“Numb the dark and you numb the light.”
~ Brene Brown
Why is the United States the most obese nation in the world? Why are we the most addicted nation in the world. Why is it that 70% of Americans take at least 1 prescription drug? Now don’t get me wrong; I am beyond grateful for this wonderful country. My family escaped tyranny in Eastern Europe during World War II to find comfort, safety, and opportunity here. I am what I am and largely have what I have because of the great freedoms and subsequent opportunities afforded to me in this great nation. I have been and continue to be proud of this nation, regardless of our flaws. And like every other nation, we are imperfect. But we seem to be having the greatest difficulty with the acceptance of our imperfections. Instead, we have the increasing NEED for perfection. We have the accumulating need for certainty. We too often demand control when such a thing does not exist.
And when these needs and demands are not met or achieved (and be sure that perfection, certainty, and exact prediction are not real and do not exist), we feel tremendous discomfort. And at an increasing rate, the action that often follows discomfort is the practice of numbing it. We use drugs. We excessively shop. We binge eat. We gamble. We distract with technology. We lie to those we love most. And most unfortunately, we lie to ourselves. And this makes us more uncomfortable so we numb some more. And the most tragic outcome of this numbing is that we not only blunt the very unhealthy negative emotions we are experiencing; we also squash the most beautiful and important of human emotions: joy, happiness, love, contentment, empathy, and many others.
I am so concerned by the increasing degree of perfection that we demand of ourselves and that we demand of others. If we continue to practice these unhealthy demands, we can and will fulfill a destiny of intense suffering. We will continue to build and reinforce a land of fear and a practice of blame. You see, as fear grows, it often promotes avoiding and blaming and hating. If you do not believe me, just watch some of our potential future leaders debate as the next presidential election approaches. The most frightening part about the practice of blame is that the primary feeling that underlies blame is discomfort; the same discomfort that is ripened and reinforced by perfectionist living and philosophies. Similar to the practice of numbing our emotions with food or drugs, blame distances us from our emotions as well. Blame is often gratifying in the short term; however, when we blame, we lose our ability to see the whole picture. We lose the opportunity for insight, the insight that allows us to see what is actually in our control. There is no problem or conflict that is completely 1 sided. And when we blame, we make it 1 sided and we spread fear in the process, we distance ourselves from guilt but also distance ourselves from truth and empathy.

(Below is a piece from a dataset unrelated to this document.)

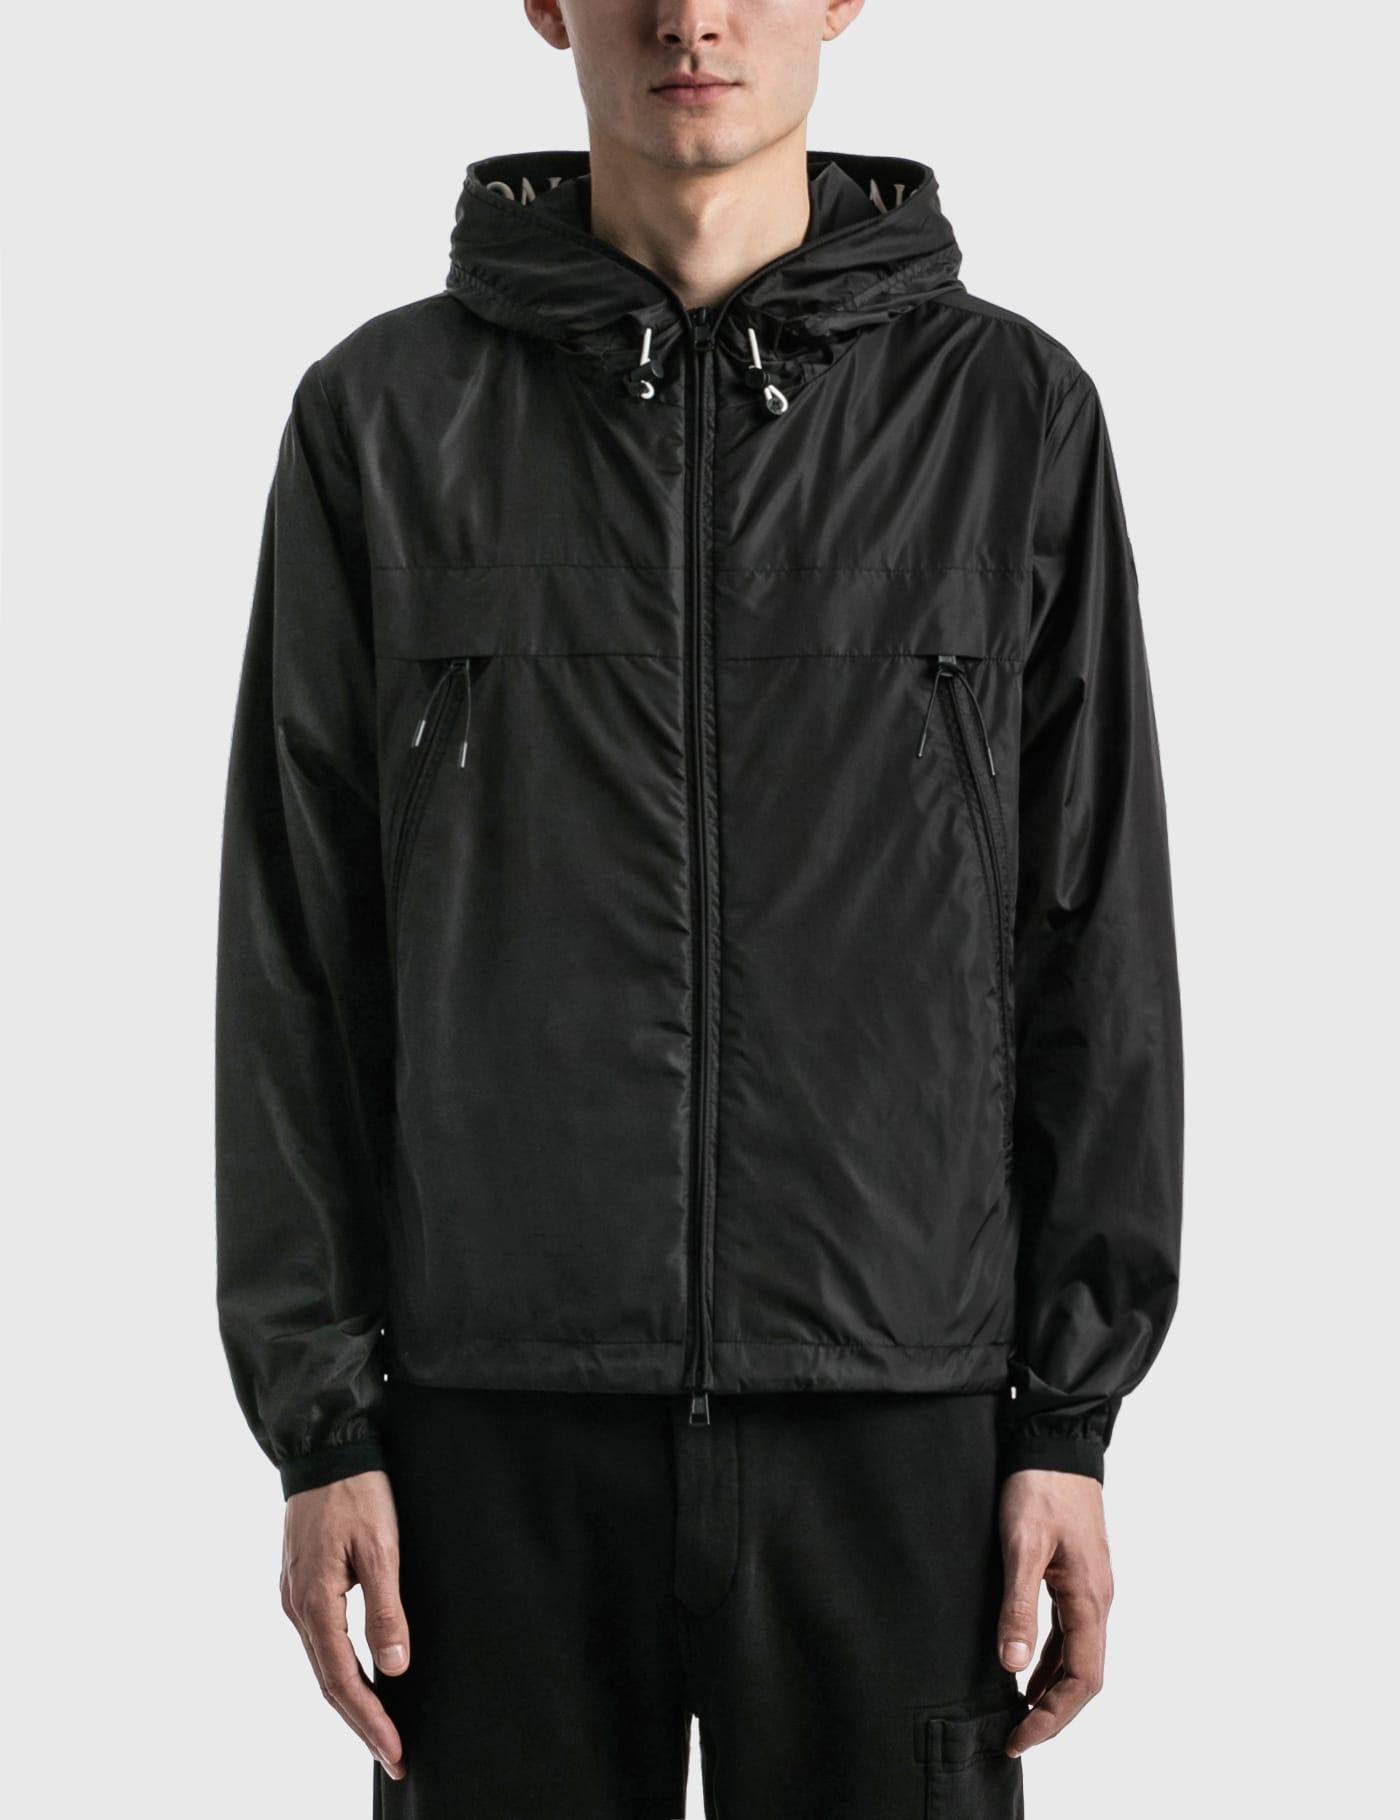 몽클레어 맨 자켓 Moncler Massereau Jacket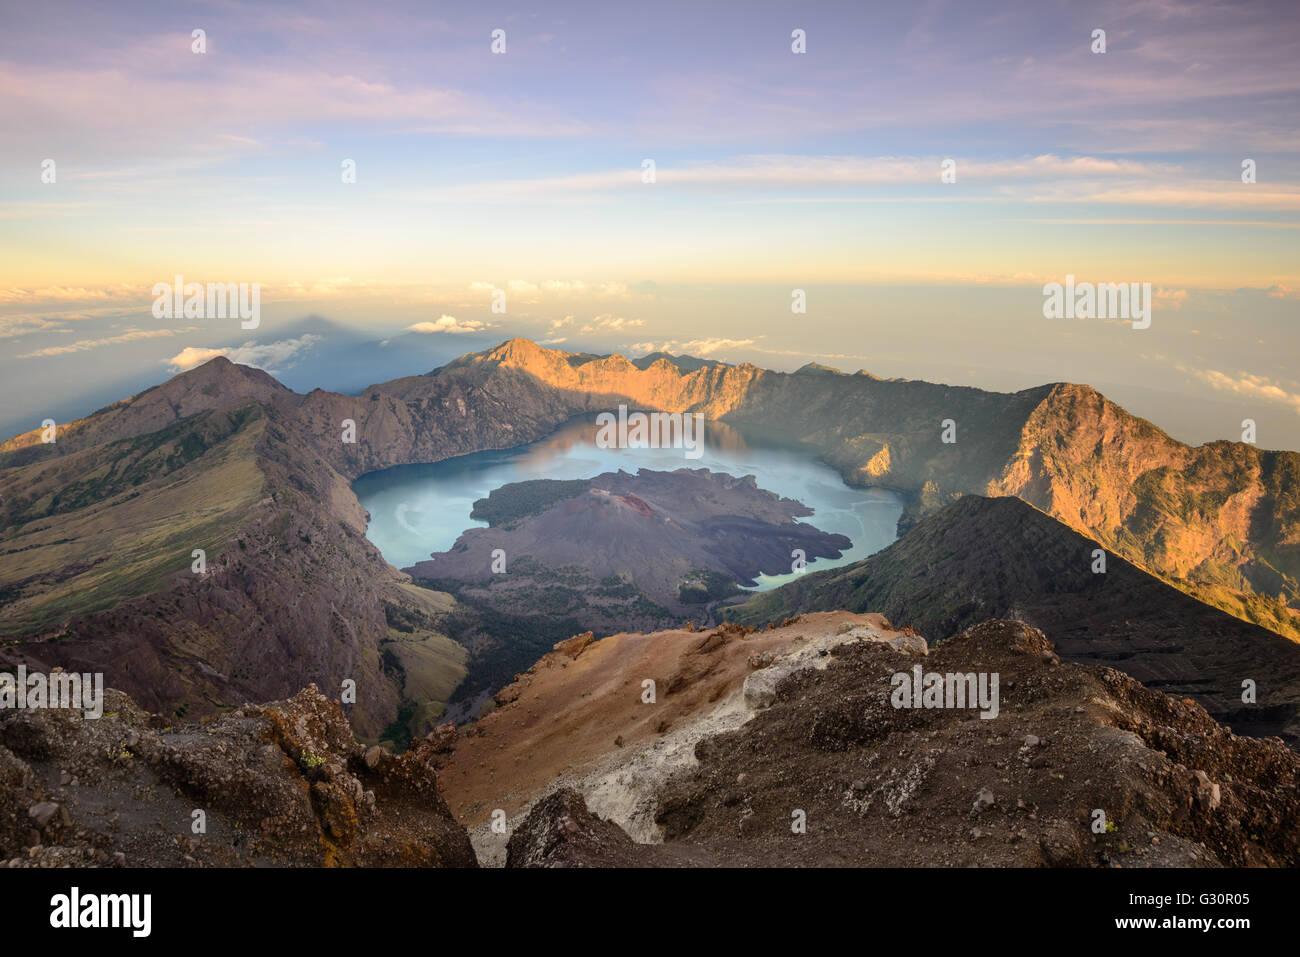 El Mt. Rinjani cráter y una sombra proyectada desde el pico al amanecer. Foto de stock

Courage is the awareness and willingness to be vulnerable. Bravery is the desire to see all of ourselves; not just our strengths. And therefore, a life of freedom is cultivated by an acceptance and embracement of our imperfections. True heroism is founded in an acknowledgement and acceptance of our vulnerabilities. And be sure that our future is largely dependent on the choice to be heroic in this way. Be uncomfortable, make mistakes, and know that you and your imperfections are inherently worthwhile.
I want to thank Dr. Brene Brown for re positioning vulnerability into the frame of true courage. Dr. Brown’s thoughts, efforts, and work (which are largely reflected in this article) are so valued and so amazing and so important.